Conservation of PAX6
In humans, some PAX6 mutations are associated with aniridia.
PAX6 is a “toolkit” protein for development
- The amino acid sequence of PAX6 is conserved across species.
- Biochemical activity is conserved across species (interaction with DNA and other proteins involved in transcription). Mouse PAX6 will work in flies.
- PAX6 regulates about 300 genes.
Domain Structure of PAX6
- A domain is a sequence of amino acids which can fold by itself (without the rest of the protein).
- PAX6 contains a pax domain and a homeobox domain.
- Both bind specific DNA sequences.
Structure of the Homeobox Domain of PAX6
The homeobox domain is a common domain for binding DNA.
Transcription Factors can “read” the DNA to bind in the correct place
- On the left, a single contact is shown between a transcription regulator and DNA; such contacts allow the protein to “read” the DNA sequence. On the right, the complete set of contacts between a transcription regulator (a member of the homeodomain family and its cis-regulatory sequence is shown.
- The DNA-binding portion of the protein is 60 amino acids long. Although the interactions in the major groove are the most important, the protein is also seen to contact both the minor groove and phosphates in the sugar-phosphate DNA backbone.

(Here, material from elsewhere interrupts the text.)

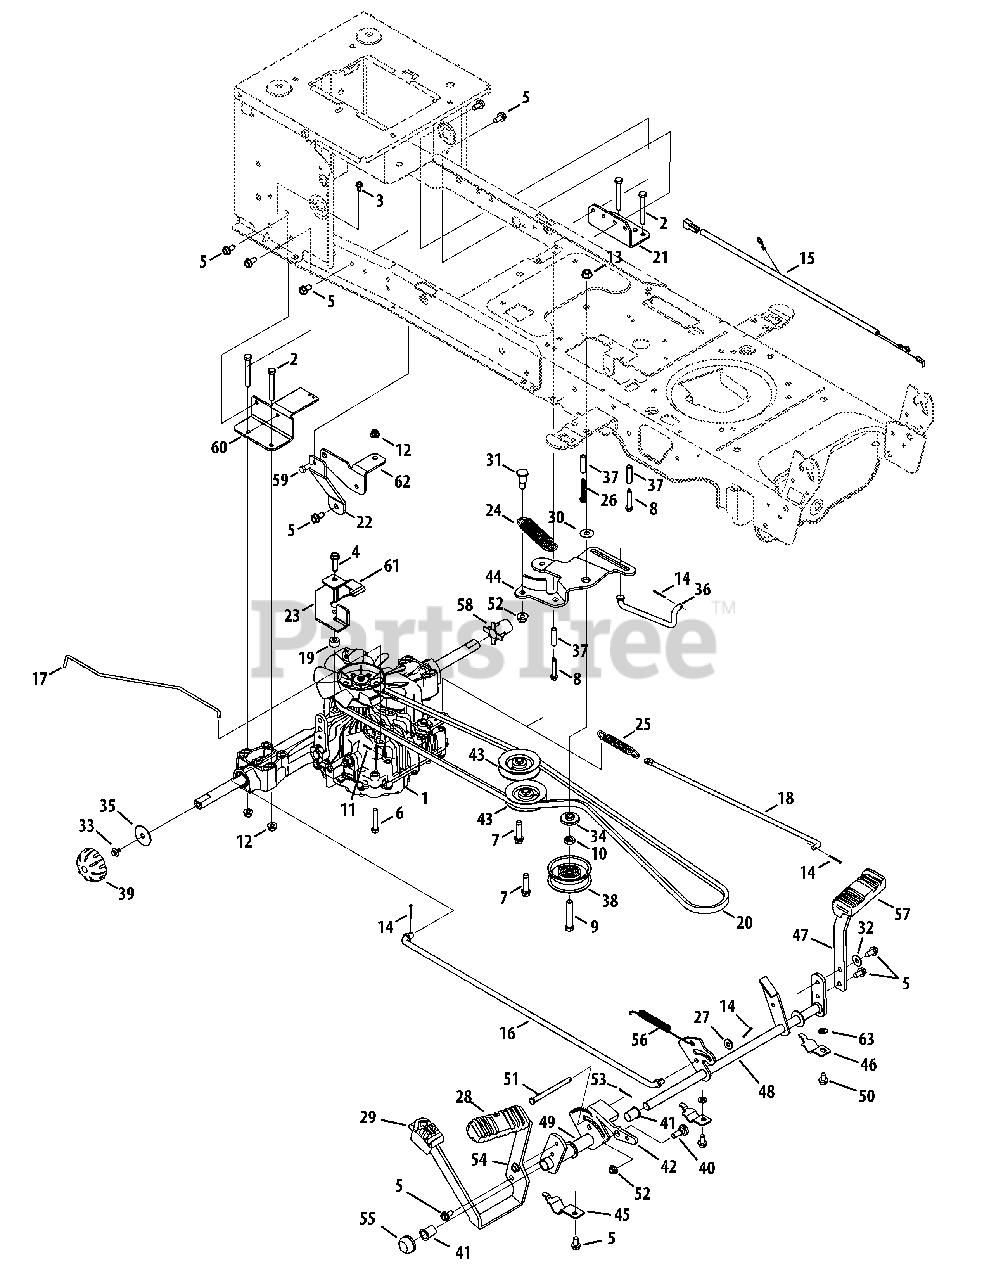 Cub Cadet Parts on the Drive System (Tuff Torq) Diagram
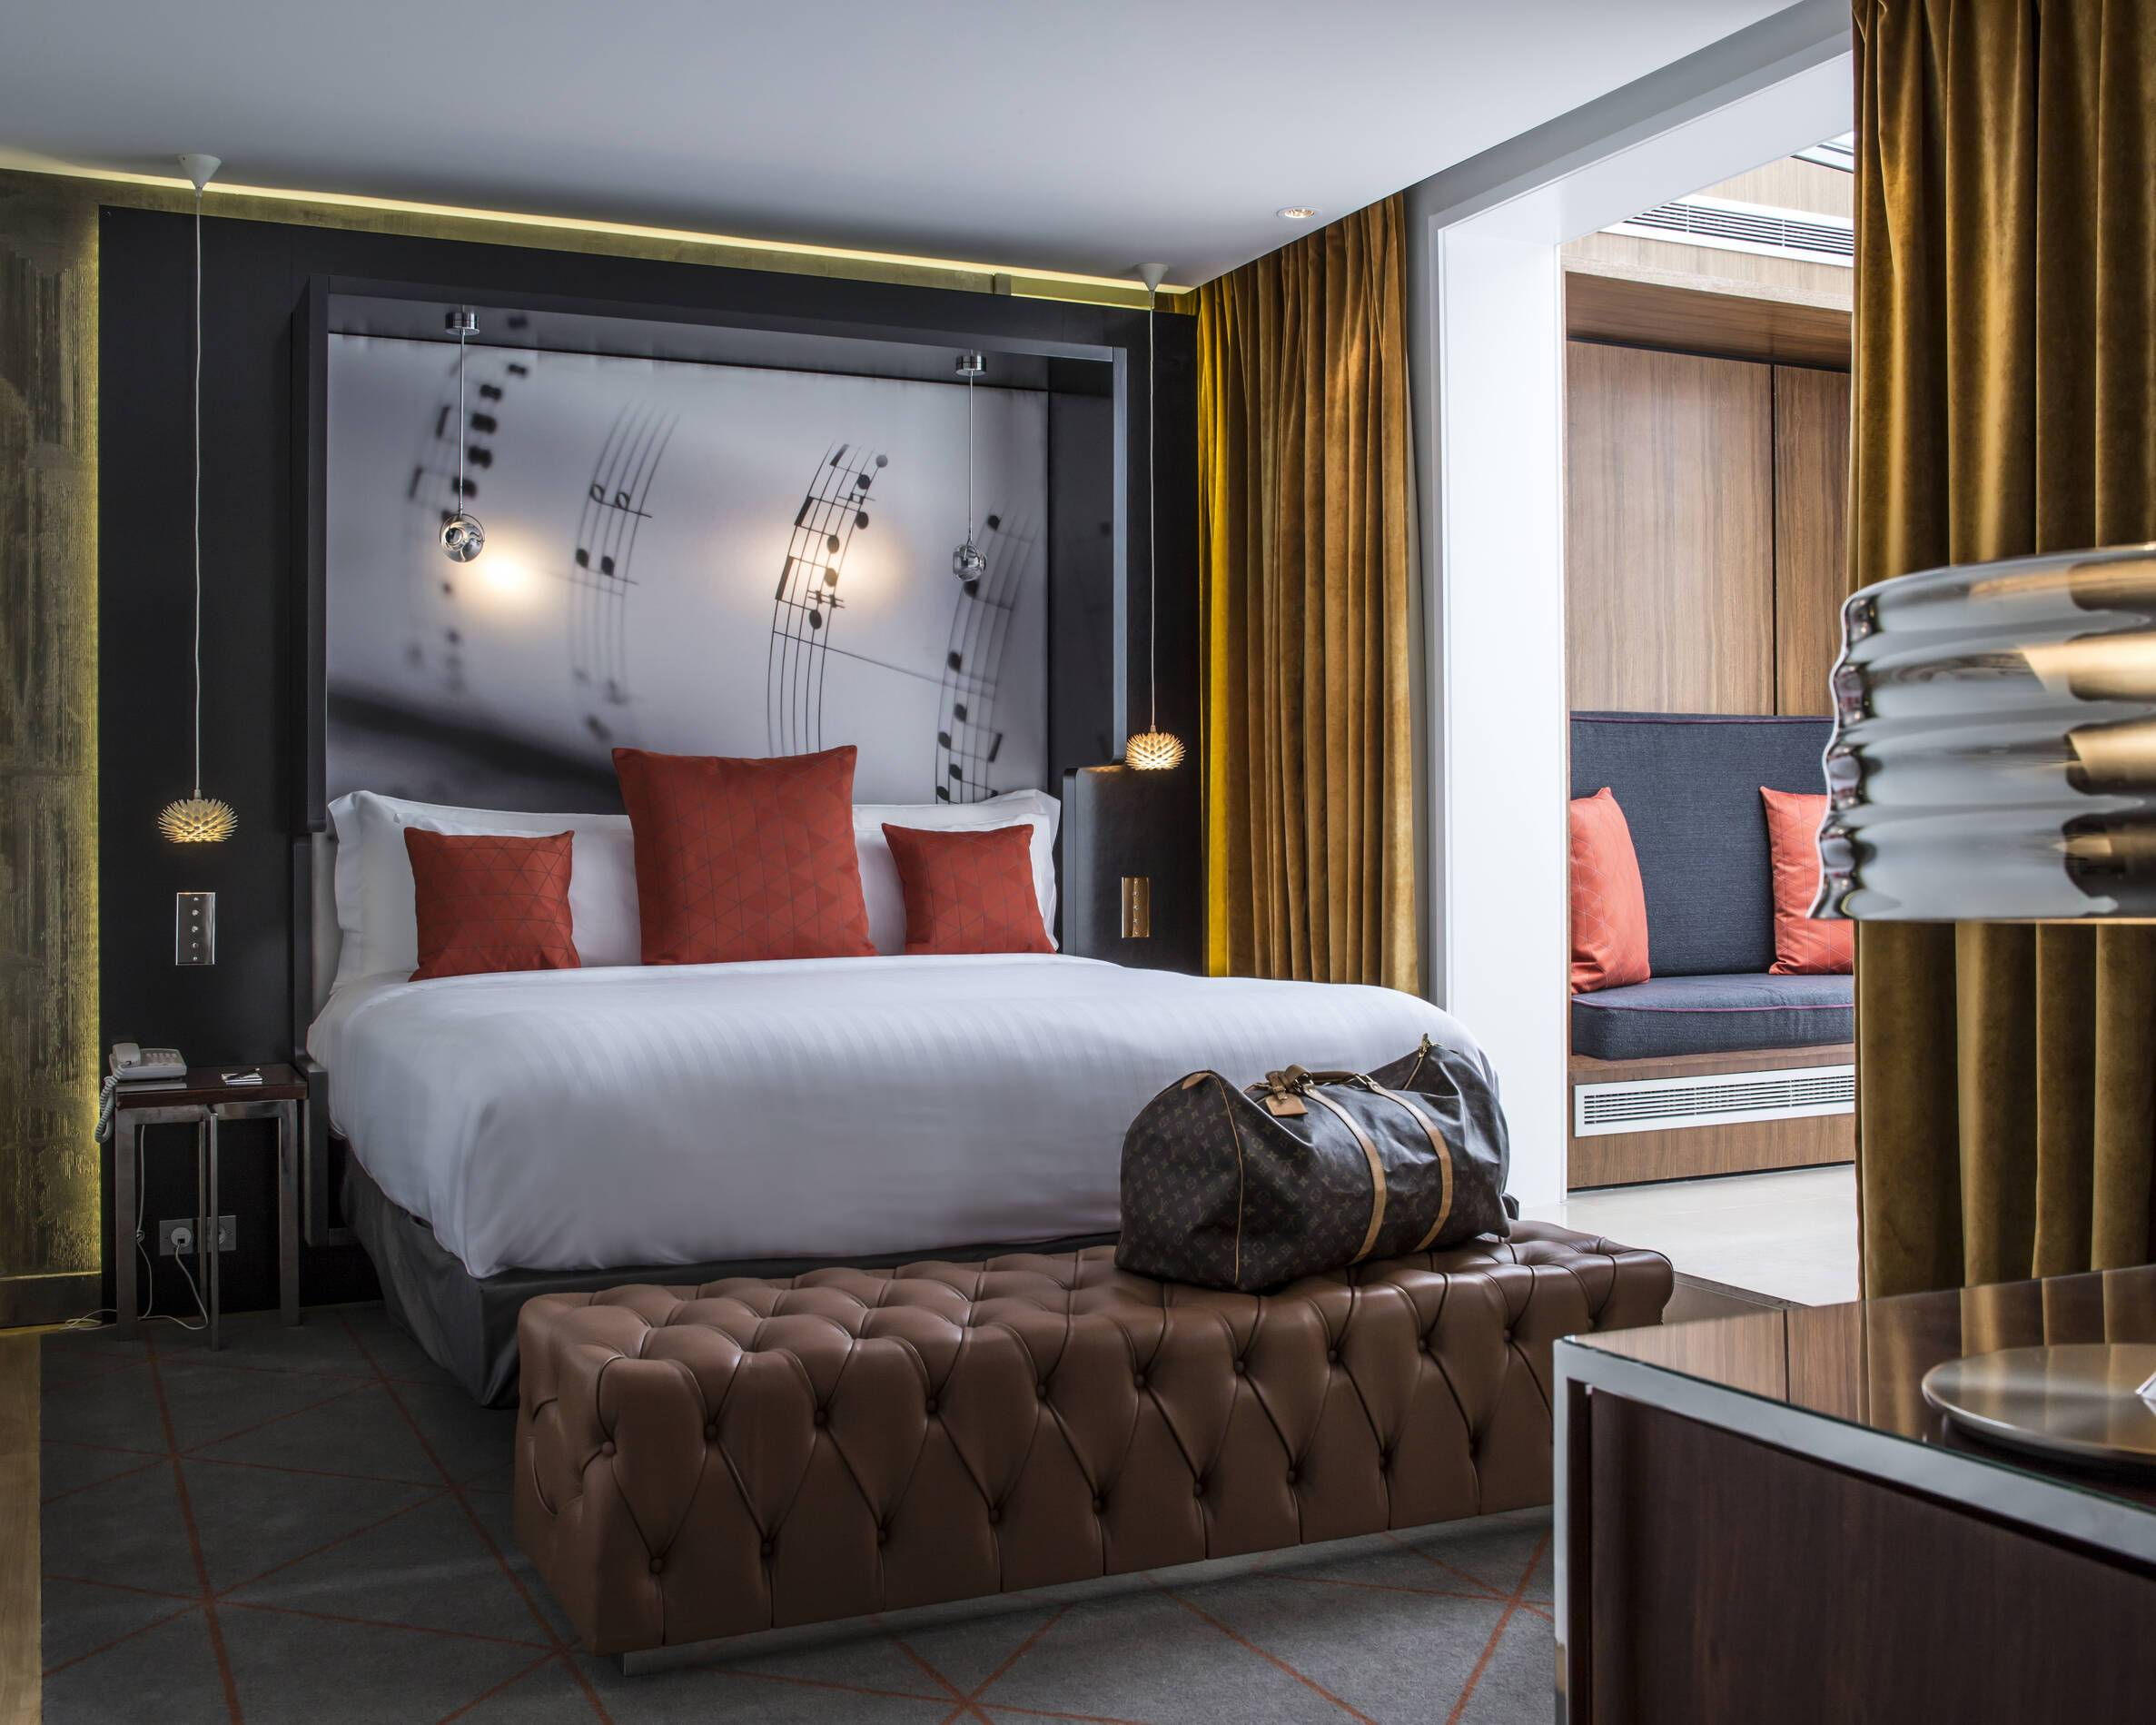 Hotel Sers chambre paris

The Paired Box Domain (PAX) binds DNA
The paired box domain (PAX) is a common to many DNA-binding proteins.
How can CRISPR repair Pax6 and Treat Aniridia in Mice?
- An optimized Cas9 ribonucleoprotein complex and a single-stranded oligodeoxynucleotide containing the 3xFLAG sequence were microinjected into one-cell mouse zygotes to generate transgenic animals in one step.
- (A) Slit lamp analysis of the transgenic mouse eyes. As expected, images of Fey showed small eyes and corneal opacity, not significantly different from the Sey (Pax6 small eye) mouse model (two-tailed test, p > 0.999).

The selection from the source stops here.